Administrators can use Windows Server® 2008 Terminal Services as a deployment option to allow users to operate the Office 2010 applications from their workstations. Terminal Services is run on a shared server and presents the application user interface on a remote system, such as a local workstation. Using Terminal Services to take advantage of App-V enables the optimization of the application through the sequencing process of application virtualization and then uses Terminal Services to deliver the application as a presentation virtualization.

Advantages
  • Centralizes management of applications, such as controlling application usage and license metering, which can help administrators ensure compliance.
  • Supports end-user roaming experience and to quickly make applications available to end-users.

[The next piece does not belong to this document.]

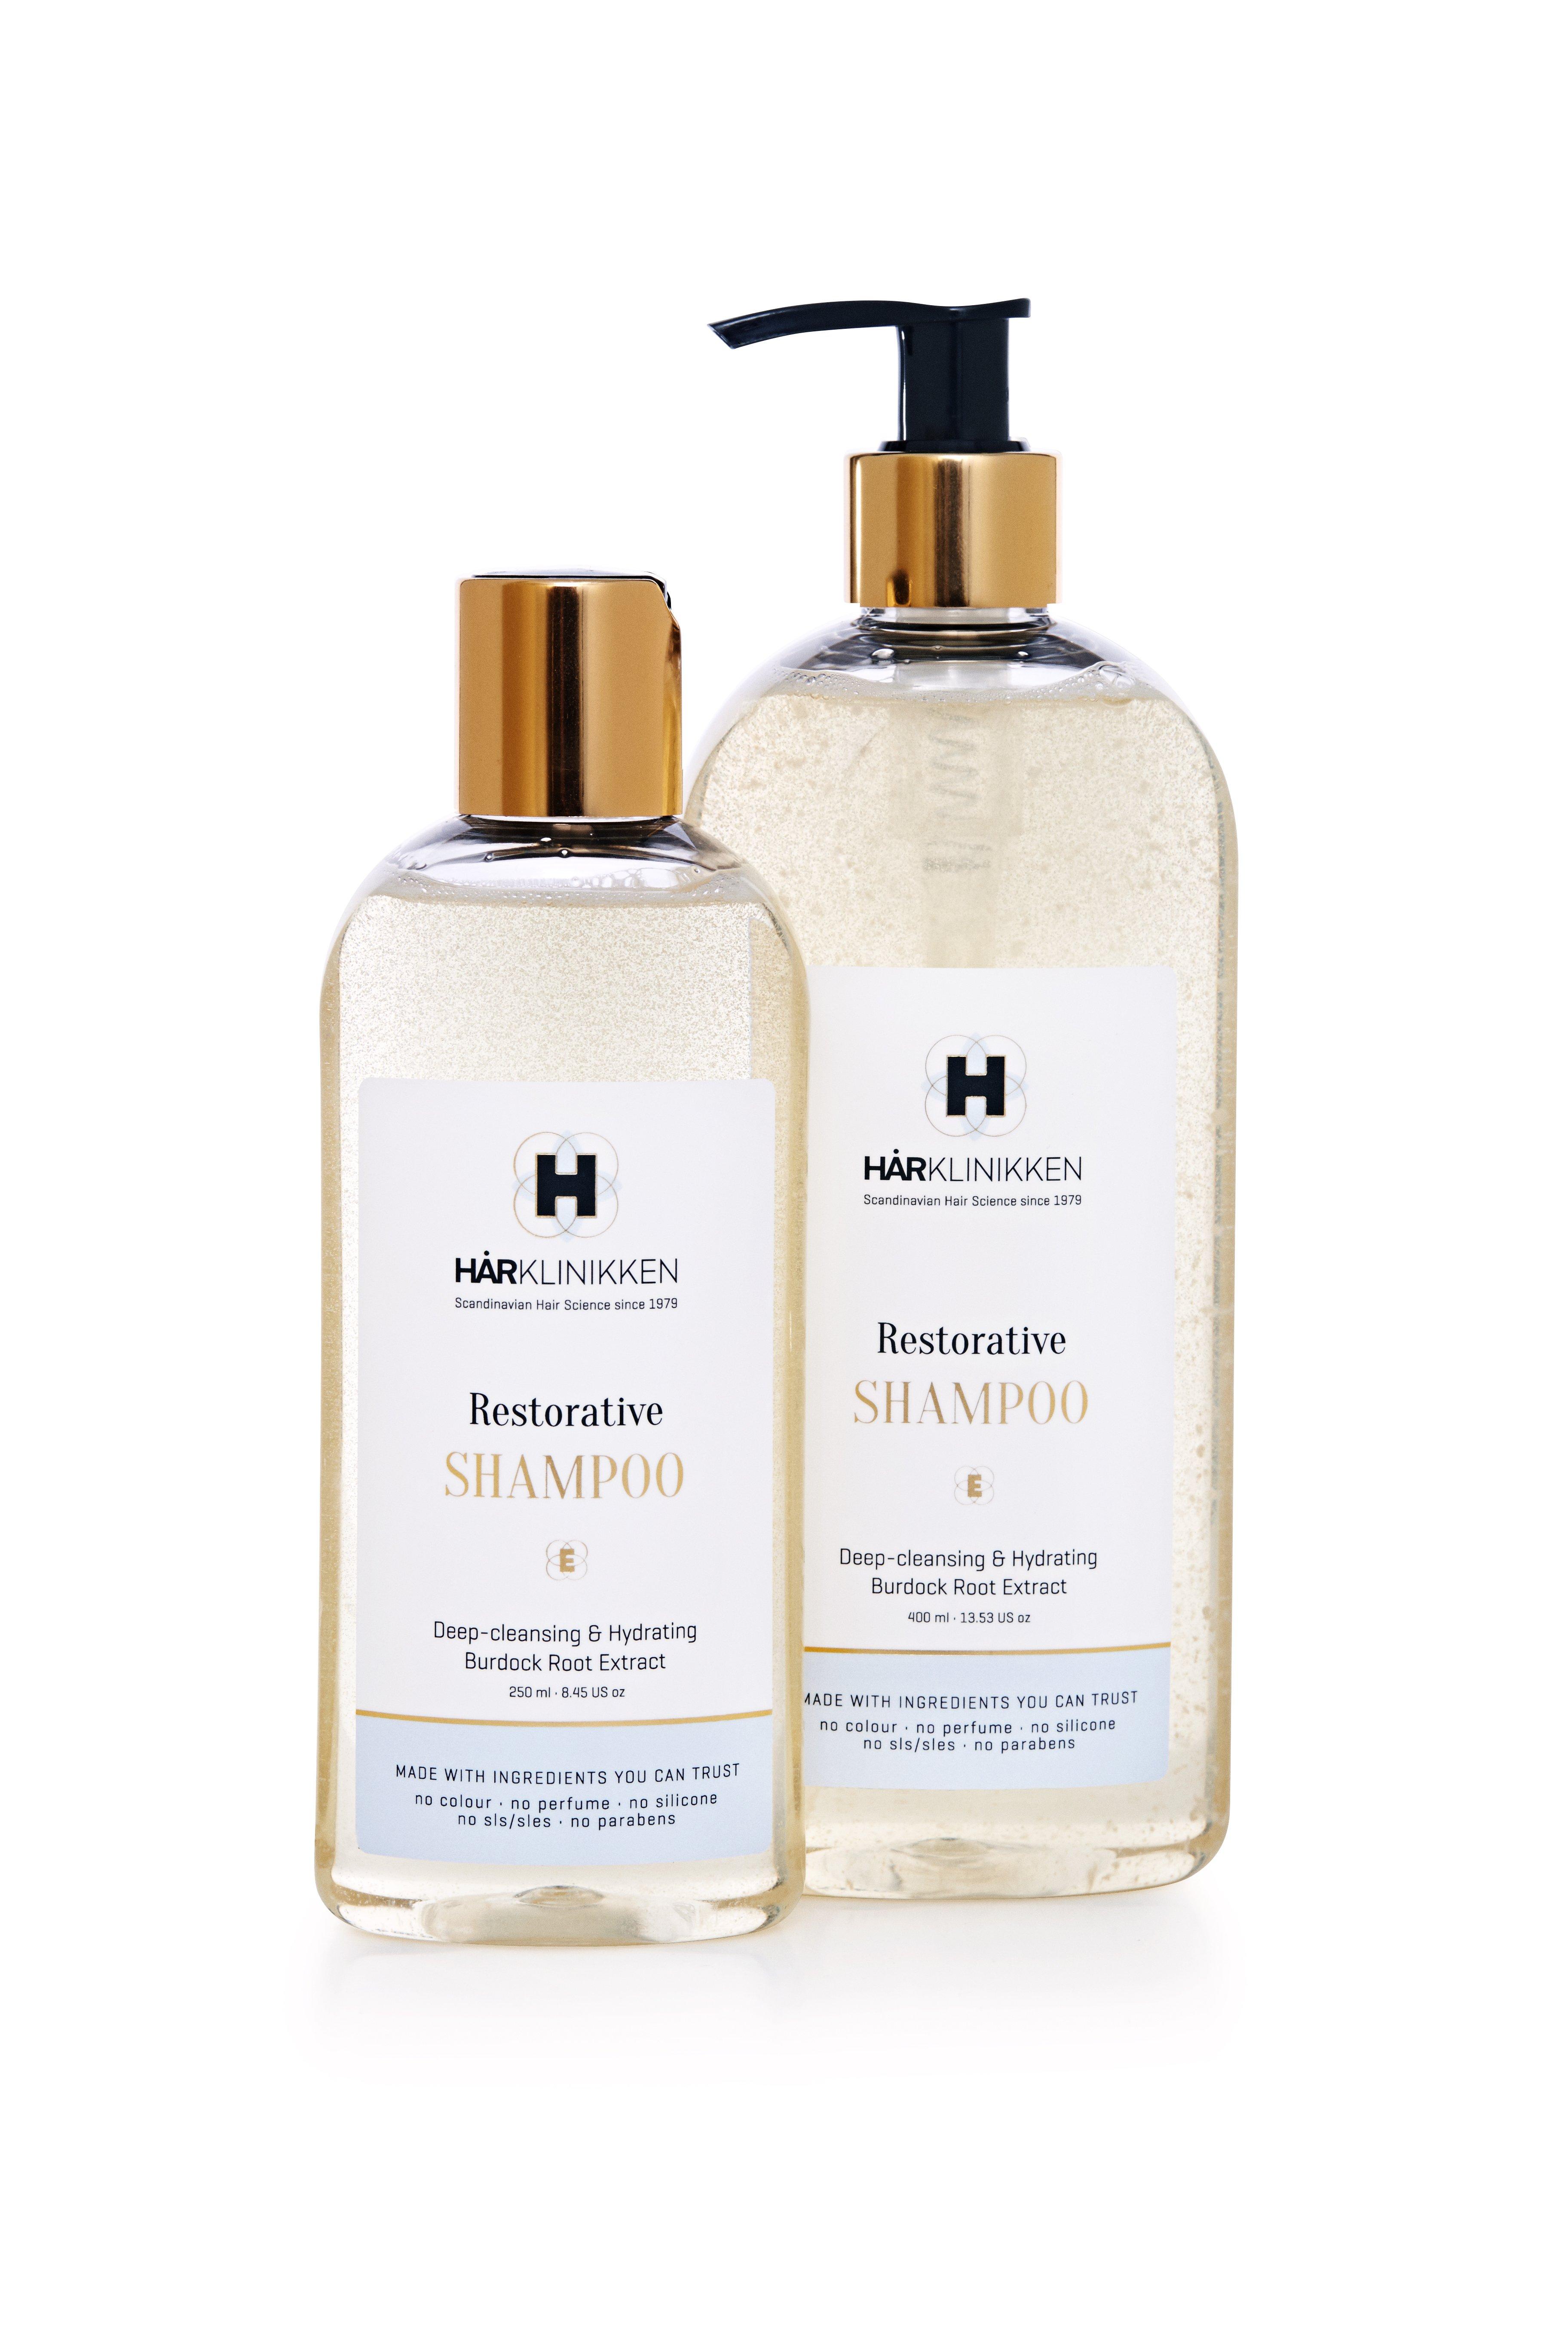 KM Tries Harklinikken Clinic's New Restorative Shampoo

  • Provides thin-client support.
  • Reduces network traffic because only keyboard, mouse, and display information is transmitted.
Limitations
  • Application availability is dependent on both the network infrastructure and the servers running the application.
  • Graphic-intensive applications might experience degradation in performance.
  • Less flexibility of traditional end-user experience on a workstation.
Recommendations
  • Presentation virtualization is a good solution if application compatibility, such as running multiple versions of Office, is required and you want to use the processing power of servers running Terminal Services to operate the applications.
  • When older workstations do not support the operating system,  presentation virtualization is a good solution.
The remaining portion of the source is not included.